- Promotional poster featuring The New Day (Xavier Woods, Big E, and Kofi Kingston), parodying the movie The Wizard of Oz
- Promotion: WWE
- Brand: SmackDown
- Date: June 18, 2017
- City: St. Louis, Missouri
- Venue: Scottrade Center
- Attendance: 15,392
- Tagline: A Golden Opportunity Awaits

WWE event chronology
| ← Previous Extreme Rules | Next → Great Balls of Fire |

Money in the Bank chronology
| ← Previous 2016 | Next → 2018 |

= Money in the Bank (2017) =

WWE pay-per-view and livestreaming event

The 2017 Money in the Bank was a professional wrestling pay-per-view (PPV) and livestreaming event produced by WWE, held exclusively for wrestlers from the promotion's main roster brand, SmackDown. It was the eighth annual Money in the Bank event and took place on June 18, 2017, at the Scottrade Center in St. Louis, Missouri. The event centered on the Money in the Bank ladder match, a multi-person ladder match where the wrestlers compete to retrieve a briefcase hanging above the ring which contains a contract for a guaranteed world championship match at any time within the next year.

Seven matches were contested at the event, including one on the Kickoff pre-show.
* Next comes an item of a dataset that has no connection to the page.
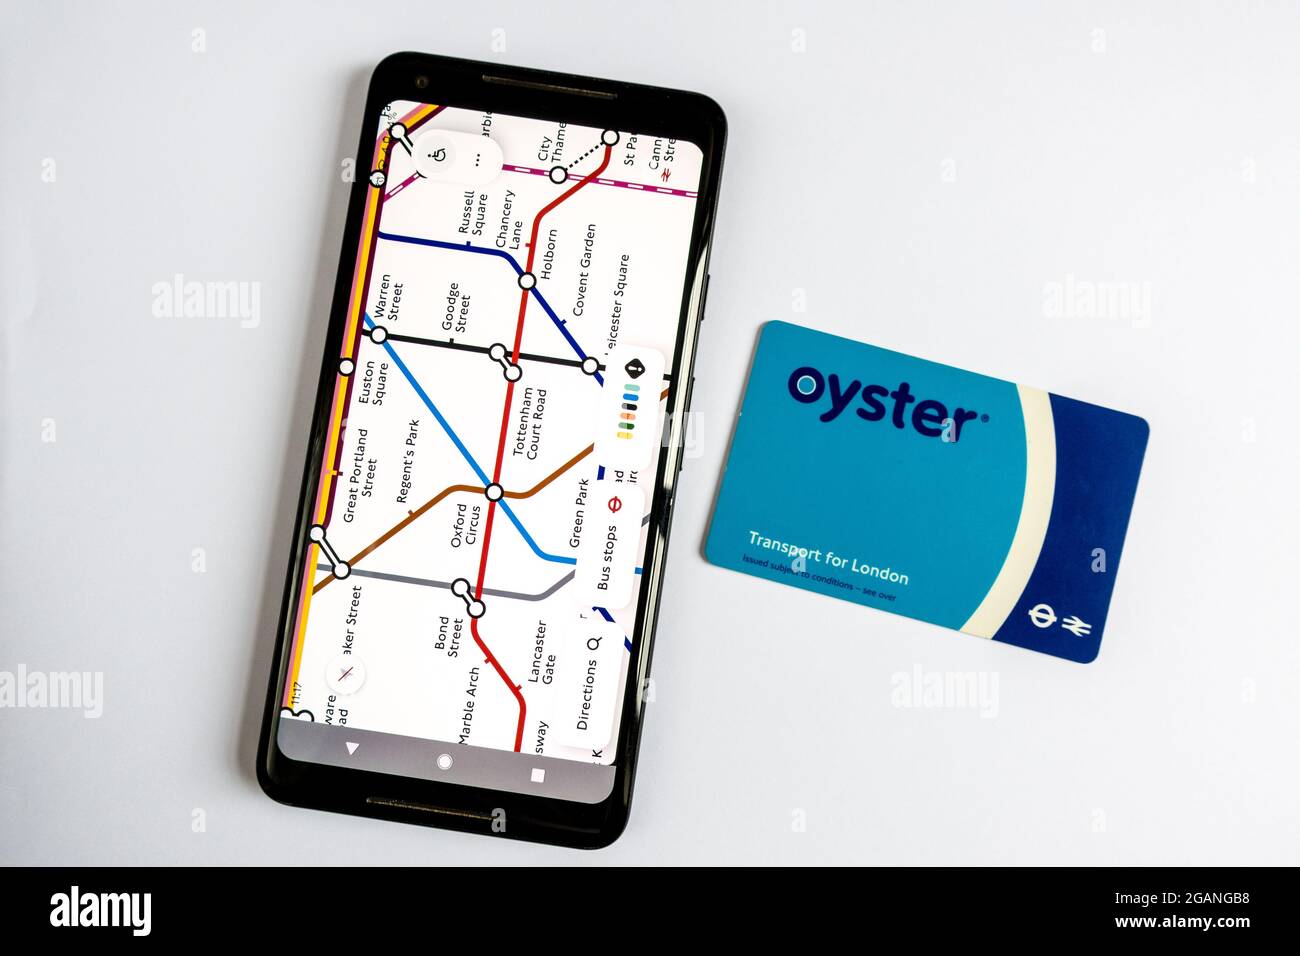 Mapa del metro en el smartphone y tarjeta Oyster La tarjeta de viaje Transport for London Foto de stock
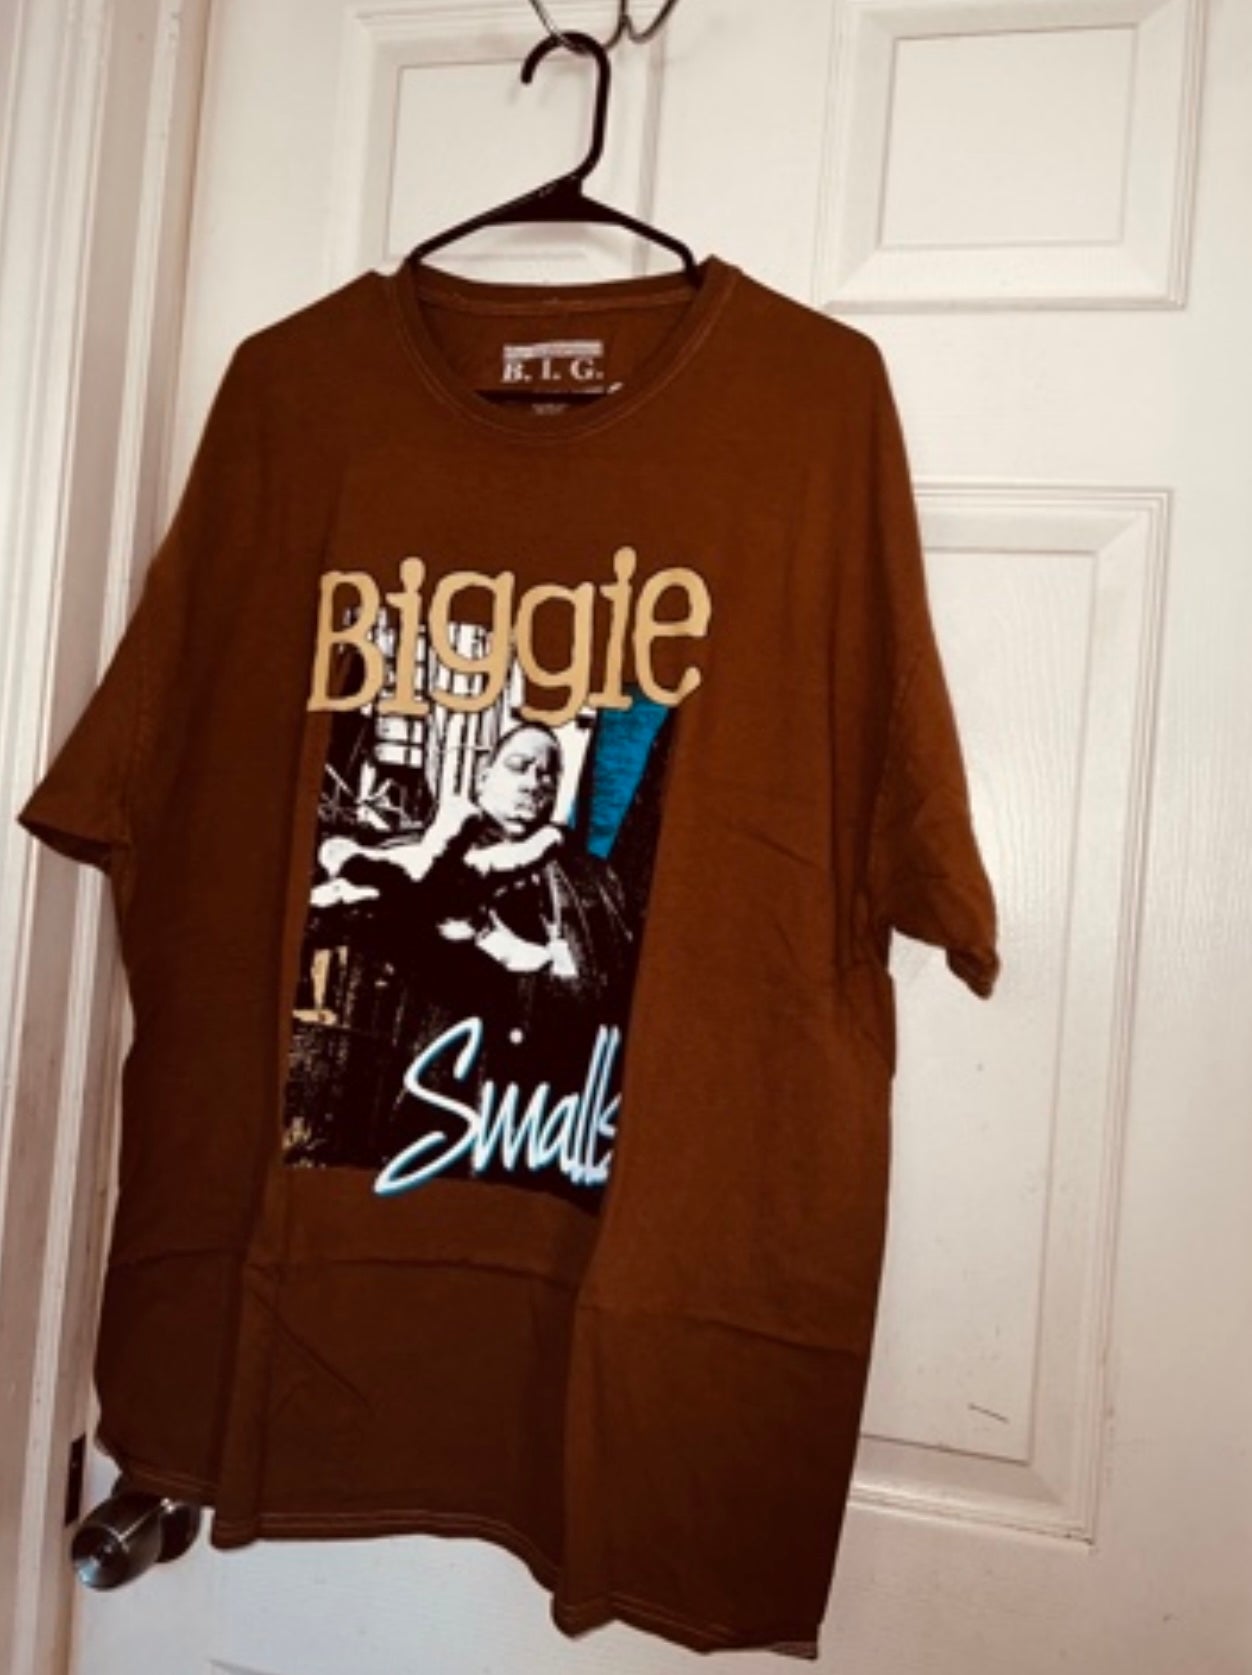 Biggie Smalls Oversized Distressed T-Shirt

For the first time since 2013, there were two Money in the Bank ladder matches on the main card, including the first-ever women's version, and it is now standard for the event to include both a men's and women's version of the match. In the main event, Baron Corbin won the men's ladder match, earning a contract for a WWE Championship match, while in the opening bout, the first-ever women's version was controversially won by Carmella for a SmackDown Women's Championship match contract. In another prominent match, Jinder Mahal defeated Randy Orton to retain the WWE Championship. The event was also notable for the return of Maria Kanellis, who had last performed in WWE in December 2009, and the WWE debut of her husband, Mike Kanellis.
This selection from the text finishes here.